Lead by example. If you want employees to follow proper food safety protocols, your food safety culture must start at the top, with leadership commitment that includes visible support and active involvement. Provide employees with clear role models who continuously demonstrate gold standard behaviors.
Allocate proper resources to this effort. Earmark enough time, money, and resources to building your food safety culture. Ensure equipment is running well (e.g., walk-ins are consistently held at proper temperatures) to reduce food safety risks. Provide staff with the resources they need to maximize food safety—e.g., tech tools that indicate when equipment is malfunctioning, properly calibrated food thermometers, sanitizers and disinfectants that eliminate pathogens, etc.
Recognize and reward employees. Praise employees for following food safety protocols, spotlight food safety employees of the month, and showcase high performers on your website and social media platforms. Provide small gifts, gift cards, and financial bonuses to employees that meet (or exceed) food safety goals. Showing appreciation for employees’ efforts will motivate them to continue.
Integrate food safety culture into your corporate culture. Ensure that food safety efforts aren’t viewed in a “silo,” but are an important, integrated part of your brand, culture, and identity.

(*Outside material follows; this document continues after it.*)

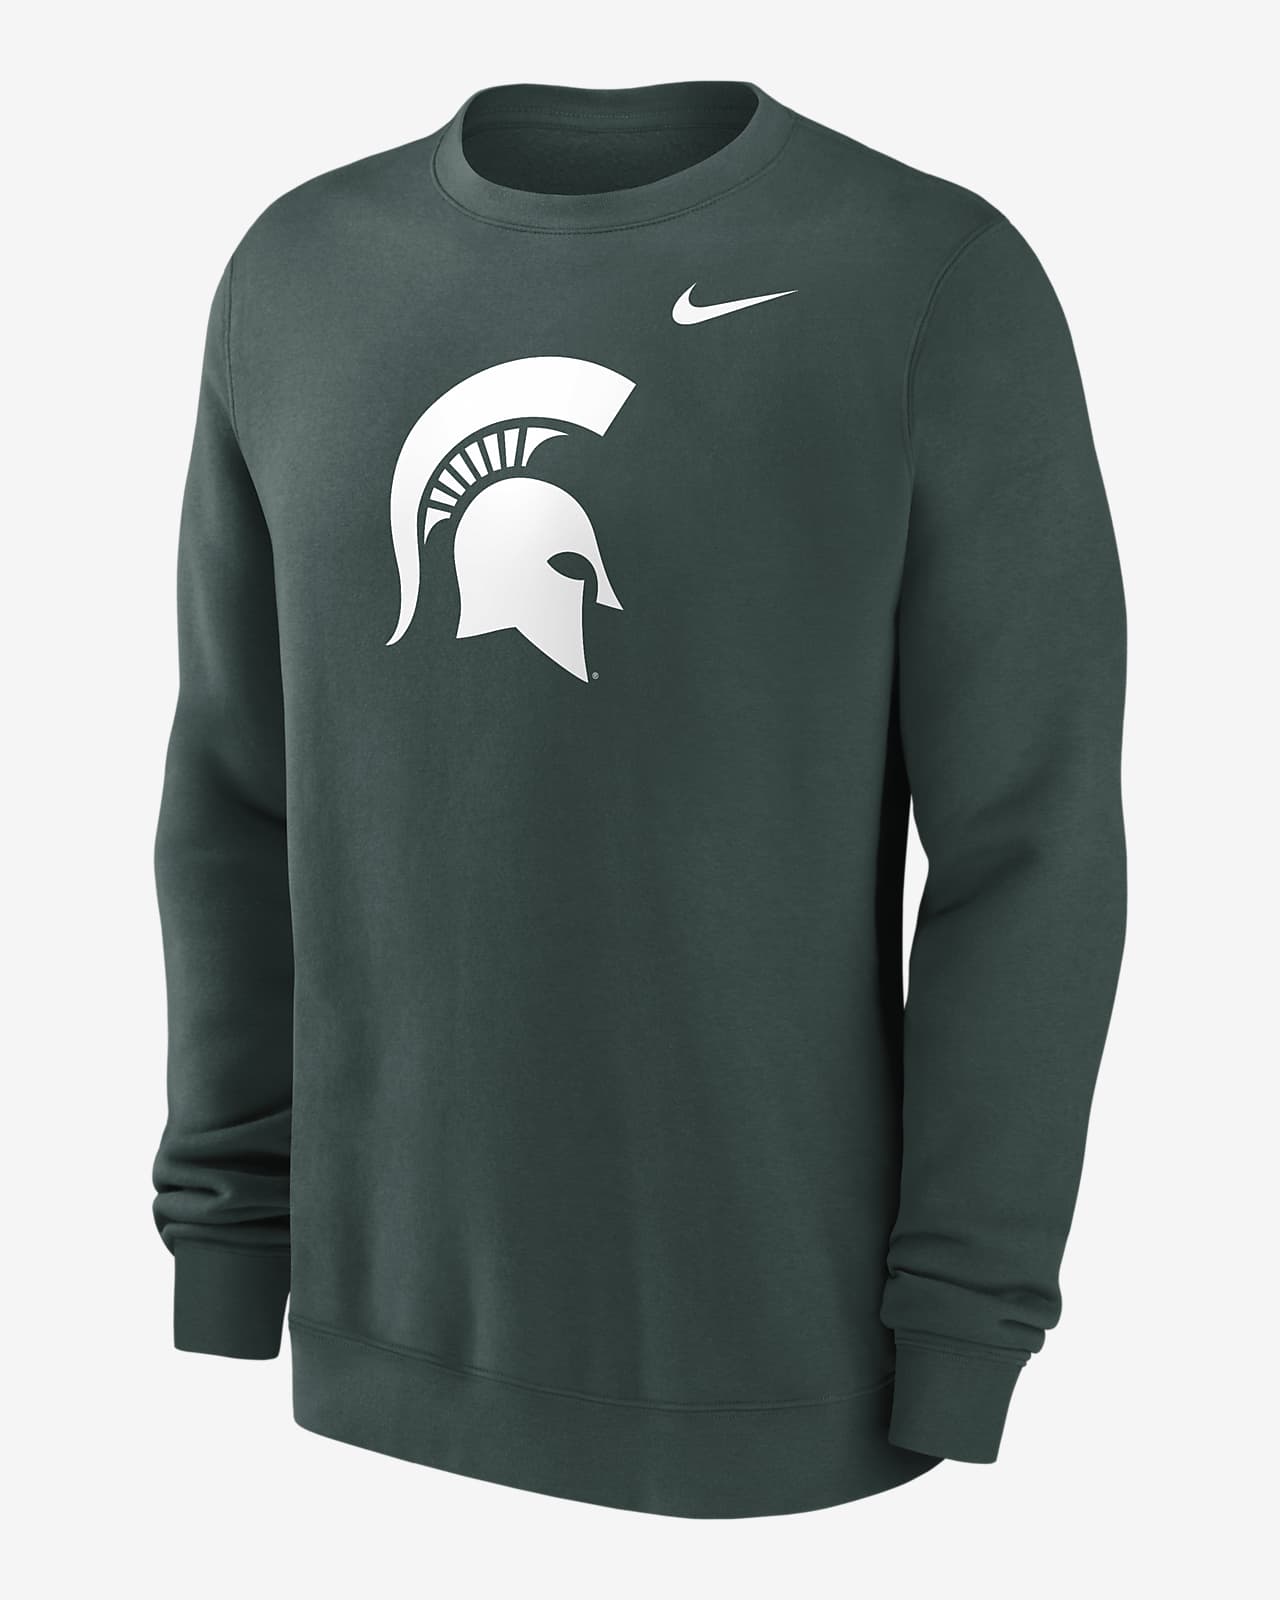 Michigan State Spartans Primetime Evergreen Logo Men's Nike College Pullover Crew

Every food safety practice that you implement—like requiring frequent handwashing, prohibiting employees from working when ill, ensuring that staff store foods safely and properly, etc.—is an important part of your food safety culture. But establishing (and maintaining) a positive food safety culture is more than these individual actions alone. It’s ensuring that food safety is baked into everything that your team does, and is an essential part of your employees’ mindset, attitudes, and values.